Heading back I heard, “‘Nuff for today.” “Yeah,” I replied.
We were 150 yards from home when it seemed to me that my legs were stretching out, that the stride had increased, that I was striking the ground with my midsole. I felt like I was flying. Damn! All the unwritten articles, the disorganized photos, the questionable choices of where to begin and where to leave off were gone at that moment.
Barefoot and flying I was not 63 and broken down, or, more accurately, it didn’t matter. I could sense the kick on the back stride and the lean on the front.
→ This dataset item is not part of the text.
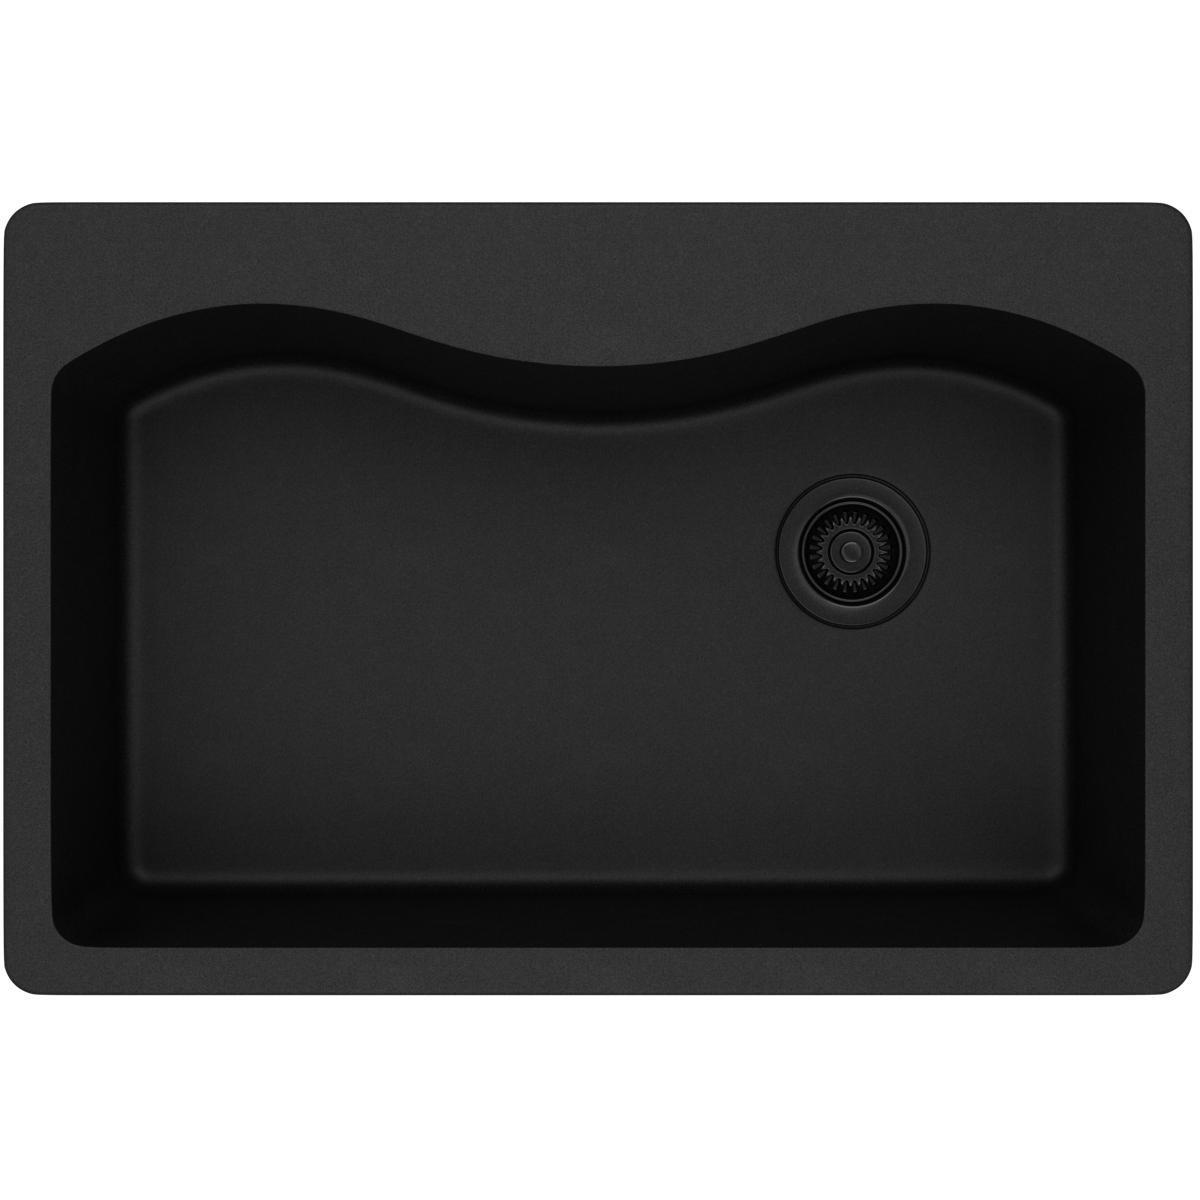 Elkay ELGS3322RBK0 Quartz Classic Single Bowl Drop-in Sink, Black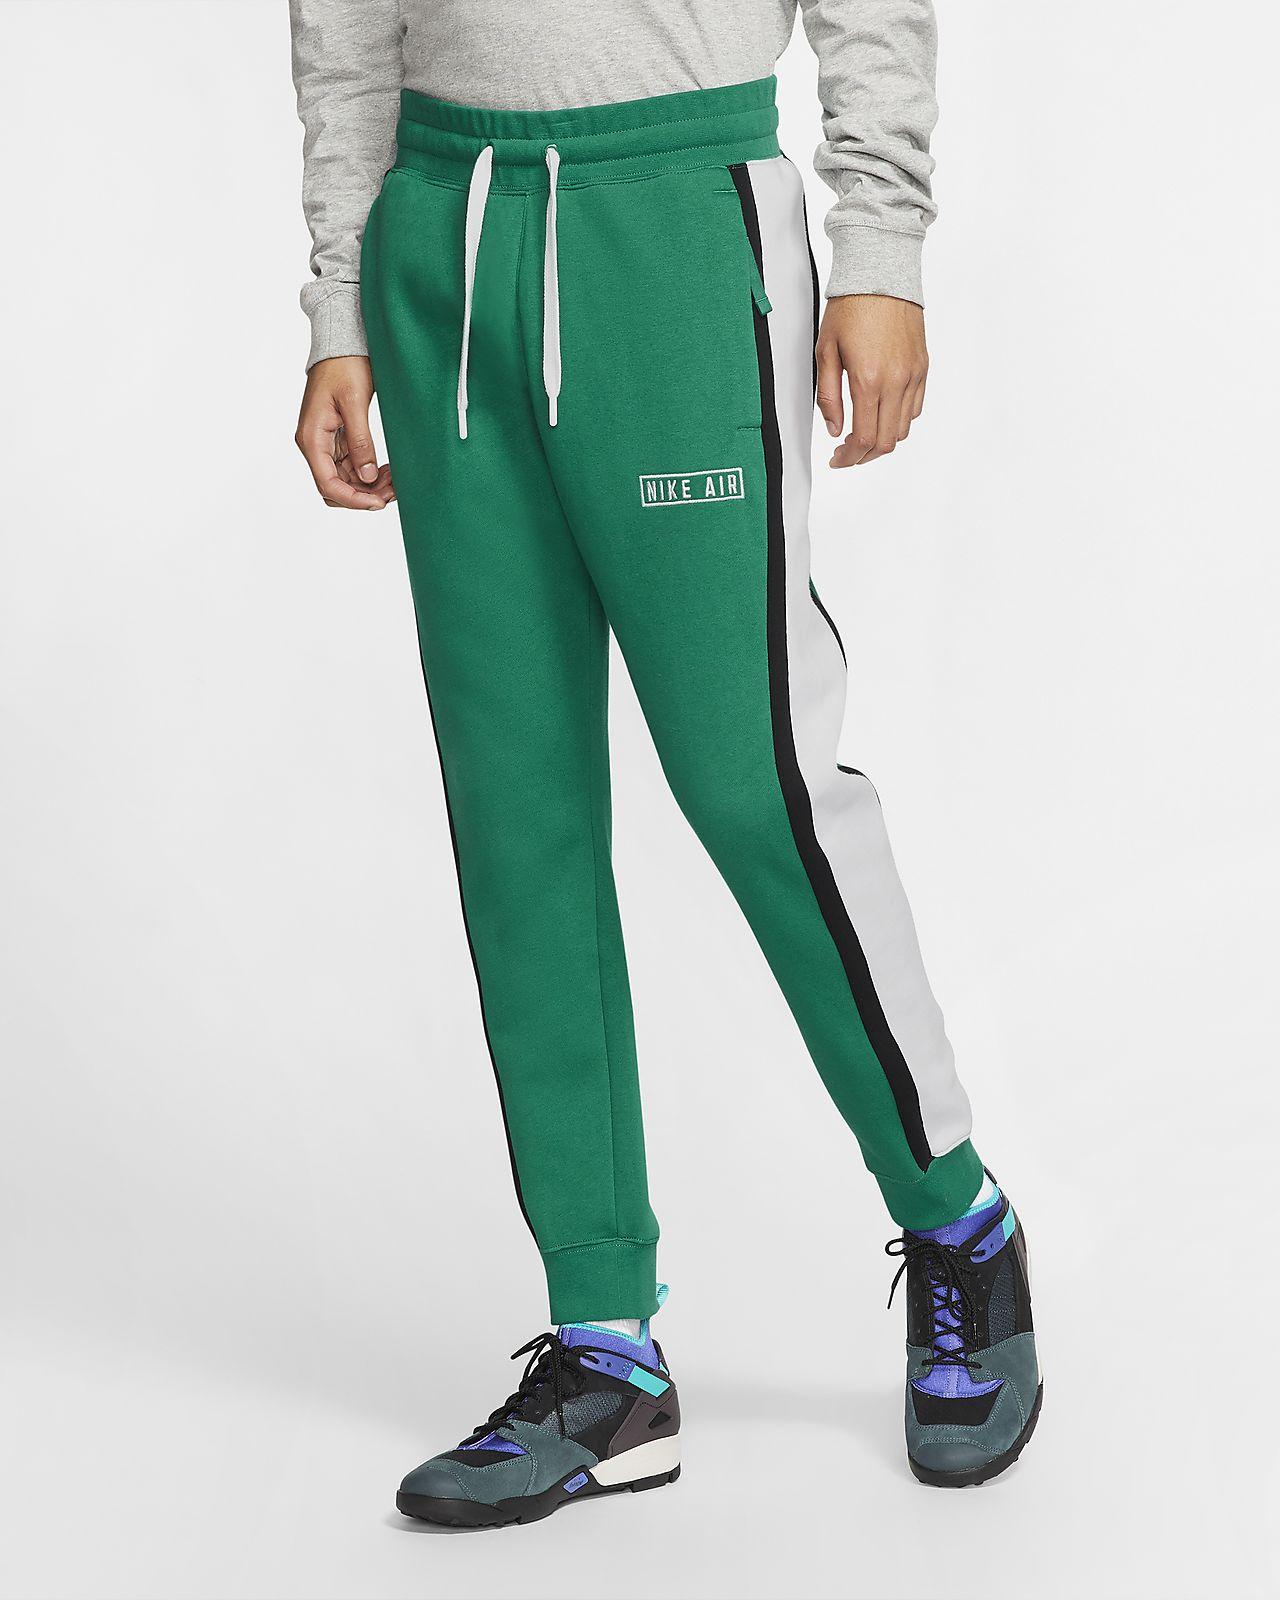 Nike Air-fleecebukser til mænd

It all made perfect sense, bare legs flashing in the rising sun; a harmony with the universe known to runners and many other athletes of all skill levels when it all fits together, the perfect stroke, the perfect tee shot, the perfect turn in the deep powder.
And more than that, it was as if I were playing hockey on the river, baseball in the street or the sandlot, hoops with a rim with no net; a memory of a time when all was possible and the game was there to be reinvented every day by me and my friends with dreams that greatly outdistanced our skills.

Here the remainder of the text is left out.